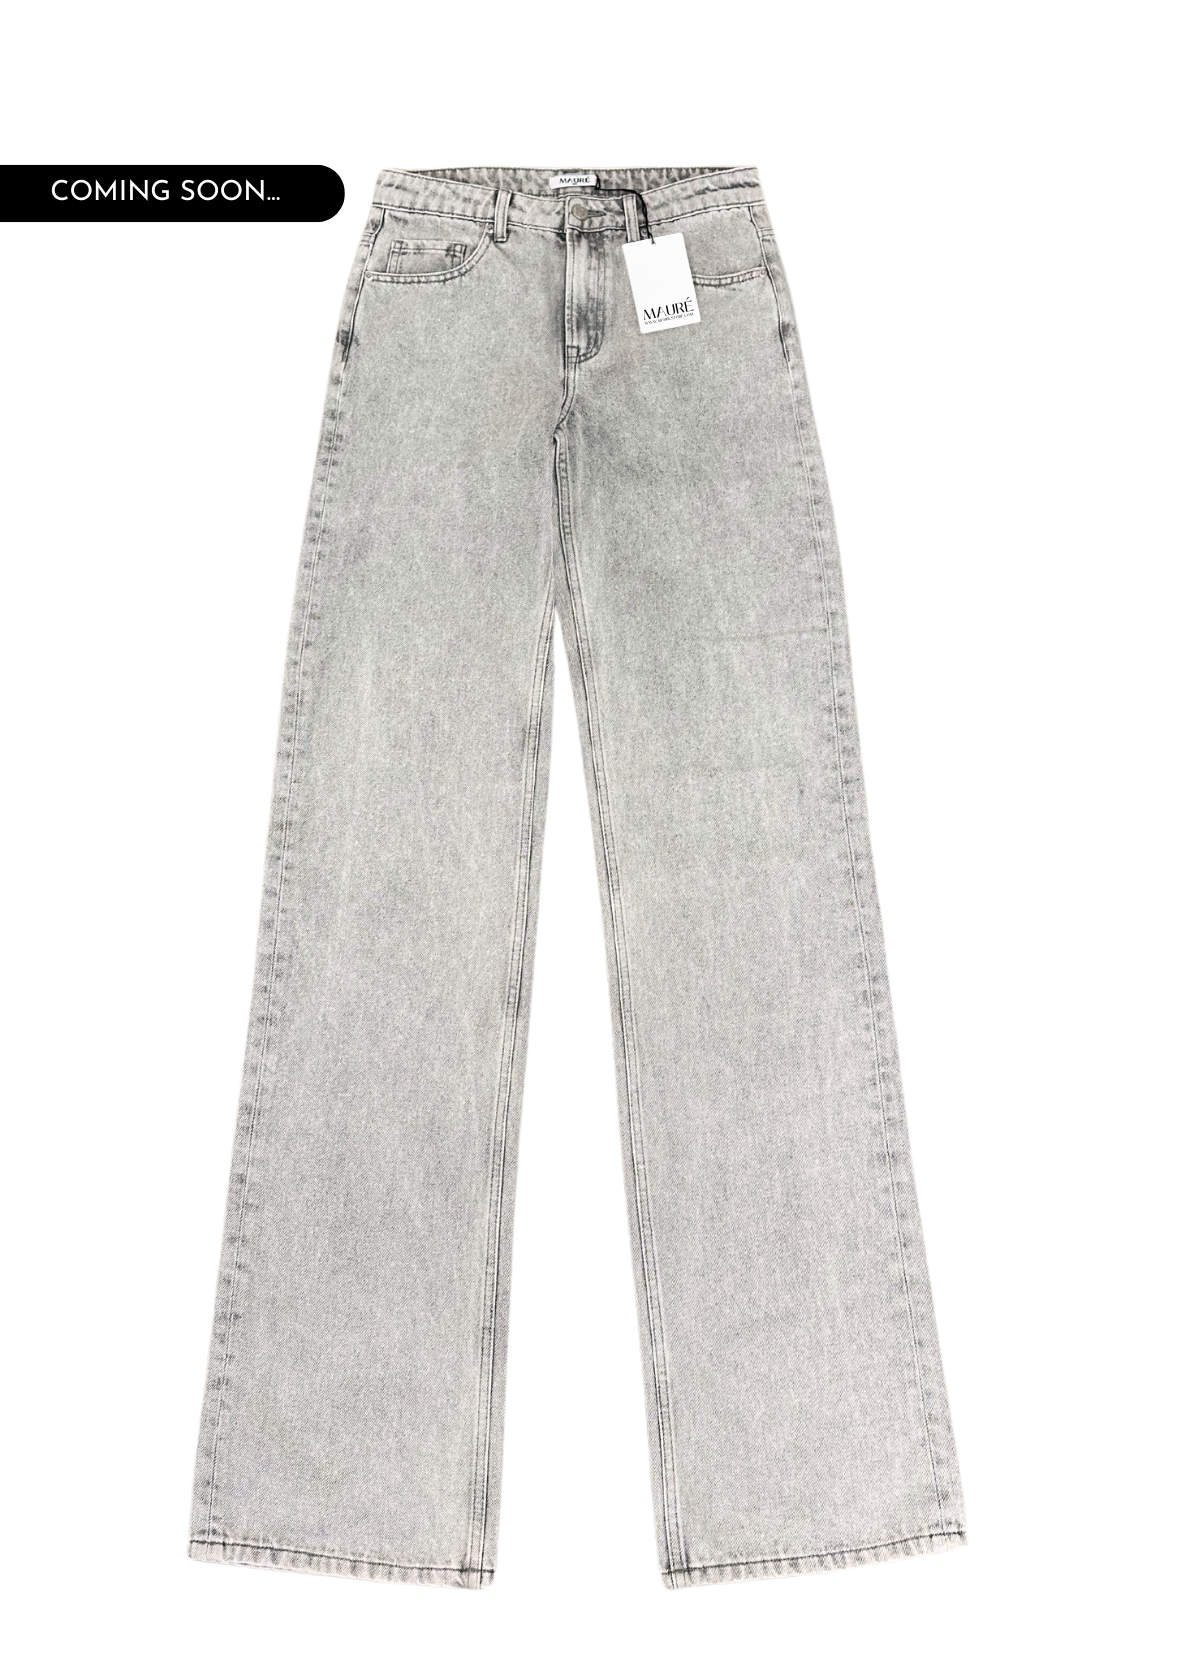 Low waist jeans light washed grey (TALL)
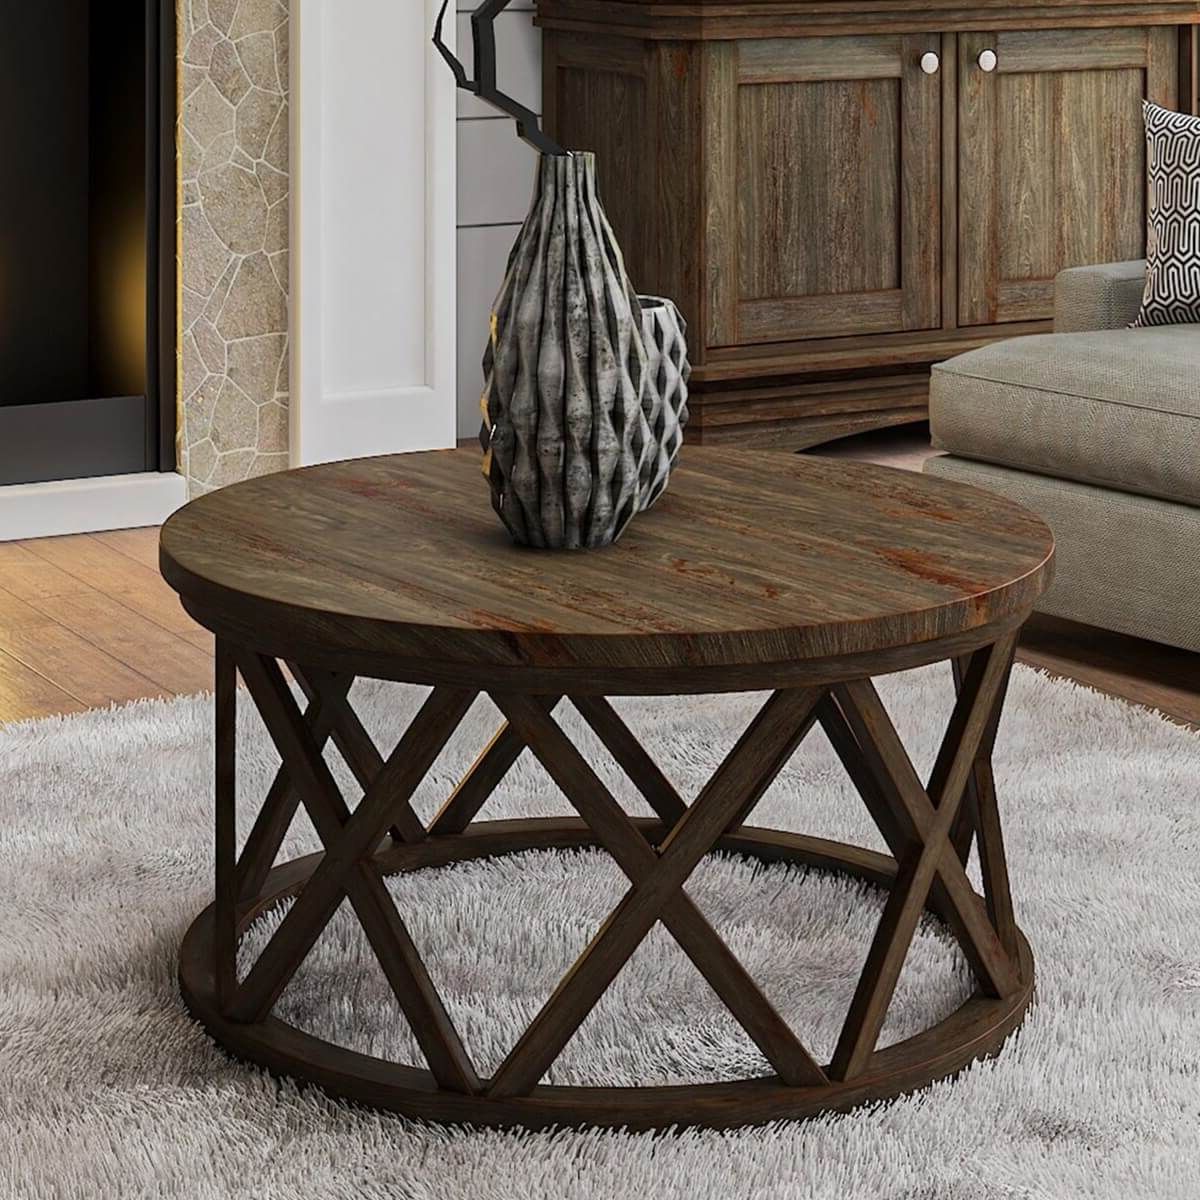 Mariefred Rustic Transitional Style Teak Wood Round Coffee Table Inside Preferred Rustic Round Coffee Tables (View 8 of 20)
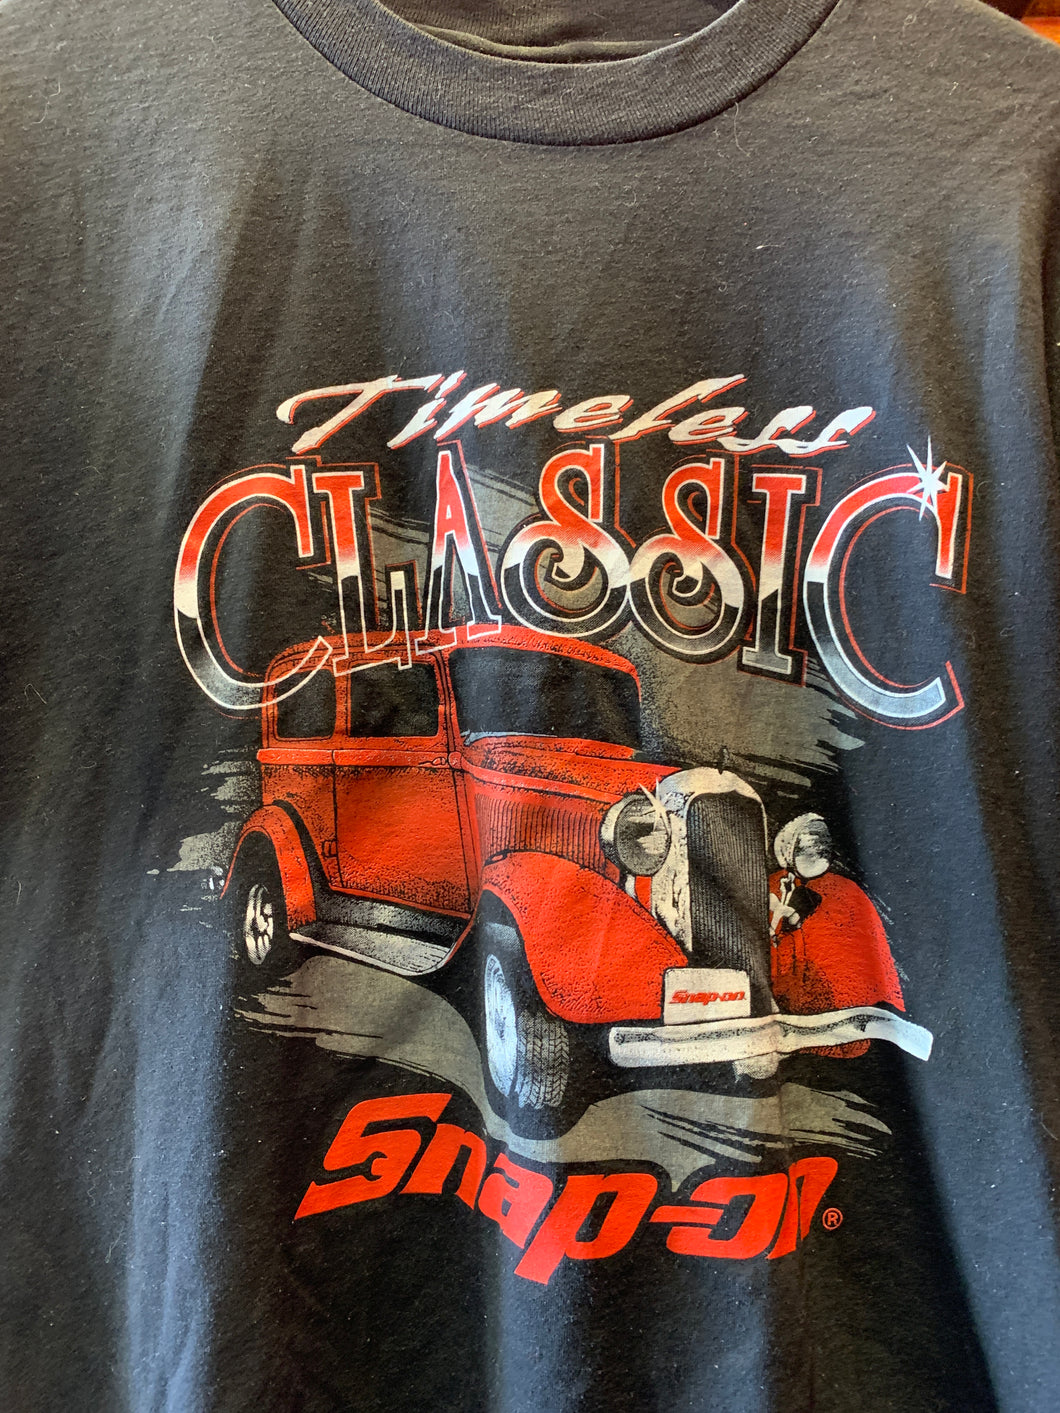 Vintage Timeless Classic Hot Rod, Large

━━━━━━━━━━━━━━━━━━━━

→ **Your goal**:
An exact retyping of the material, minus the pictures, is the required answer.

→ **Exercise solution**:
 Low waist jeans light washed grey (TALL)
 Mariefred Rustic Transitional Style Teak Wood Round Coffee Table Inside Preferred Rustic Round Coffee Tables (View 8 of 20)
 Vintage Timeless Classic Hot Rod, Large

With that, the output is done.